2nd opinion from major center leads to better breast cancer detection, treatment changes

December 04, 2003

CHICAGO - Women with breast cancer who seek a second opinion on their mammograms from experienced specialists at a major cancer center frequently get a new plan for their care, a new study shows. Some even learn that they have cancer in more locations than they think.

After a consultation, 7 percent of all patients in the new study found out that they had more cancer in the same breast - or a previously undiscovered tumor in the other breast. Many other patients received advice from the consulting physicians that altered their imaging or treatment plans.

These new research findings, made by a team at the University of Michigan Comprehensive Cancer Center, will be presented Dec. 4 at the national meeting of the Radiological Society of North America.

The data show that seeking a second opinion for breast cancer may make a big difference in a patient's diagnosis and treatment. Second opinions are often covered by insurance, but patients usually need to seek them on their own.

"Although many patients' diagnostic and treatment plans stayed the same after a consultation, enough of them changed that we see added value from seeking the opinion of a specialized team with extensive experience," says Amy Rochester Guest, M.D., the U-M radiologist who led the study. "This is especially true for complex cases, but any patient may benefit from a second opinion, whether she returns to her original physician and care plan or transfers to the larger center."

For the study, the team looked back at the medical records of 148 women who came to the U-M Breast Care Center for a consultation after being diagnosed with, and in some cases treated for, breast cancer at other institutions. They compared the findings and recommendations of the outside doctors with those made by the U-M team.
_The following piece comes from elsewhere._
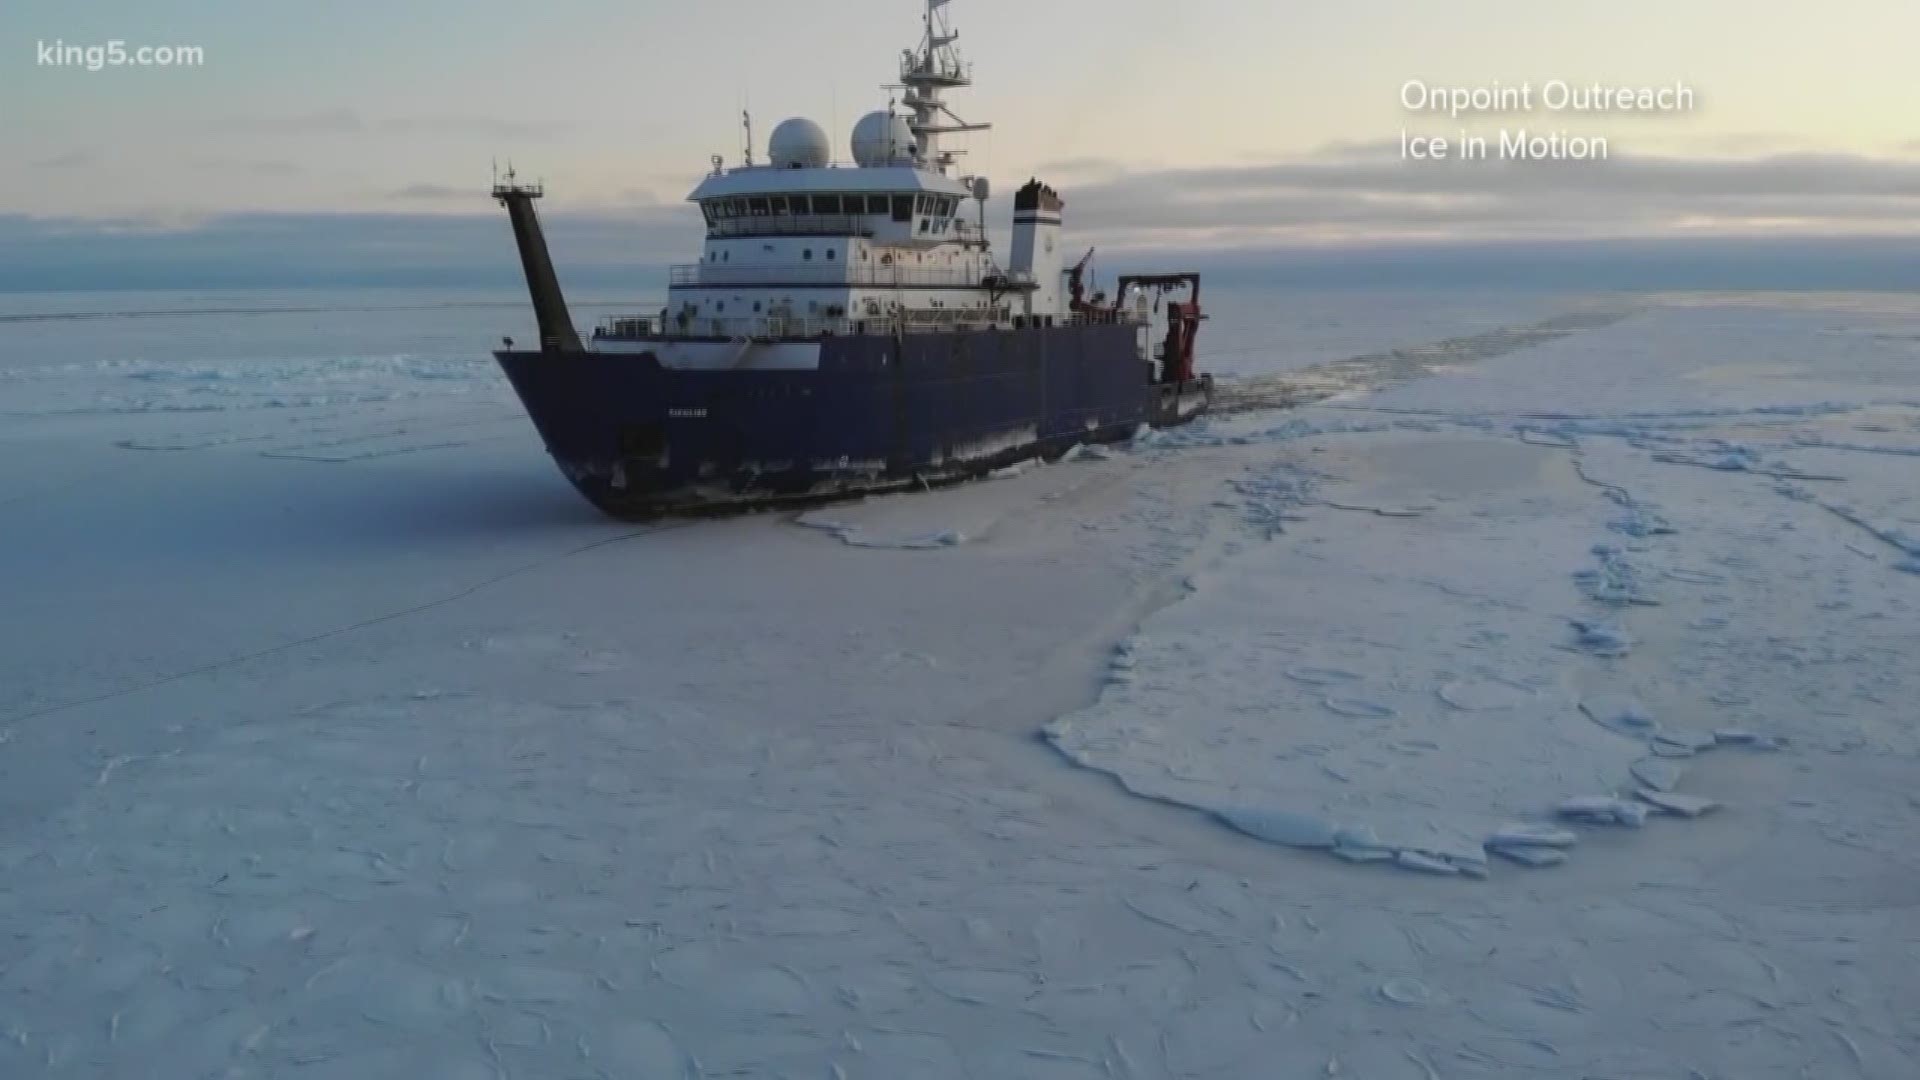 New research from the University of Washington is painting a grim picture in the Arctic.

The data that Guest will present at RSNA focus on the results of the imaging portion of the consultation, and recommendations made based on initial and additional breast images. All the radiologists at the U-M center see hundreds of consultation cases each year.

The U-M team conducts a one-day radiology, surgical and pathology consult for every women who seeks a second opinion, including further images and tests if necessary.

Two-thirds of the patients in the study had additional imaging performed at U-M during their consultation, usually a combination of mammograms and ultrasound. The radiologists used these additional images to further evaluate the tumor and the remainder of the breast before making a final interpretation.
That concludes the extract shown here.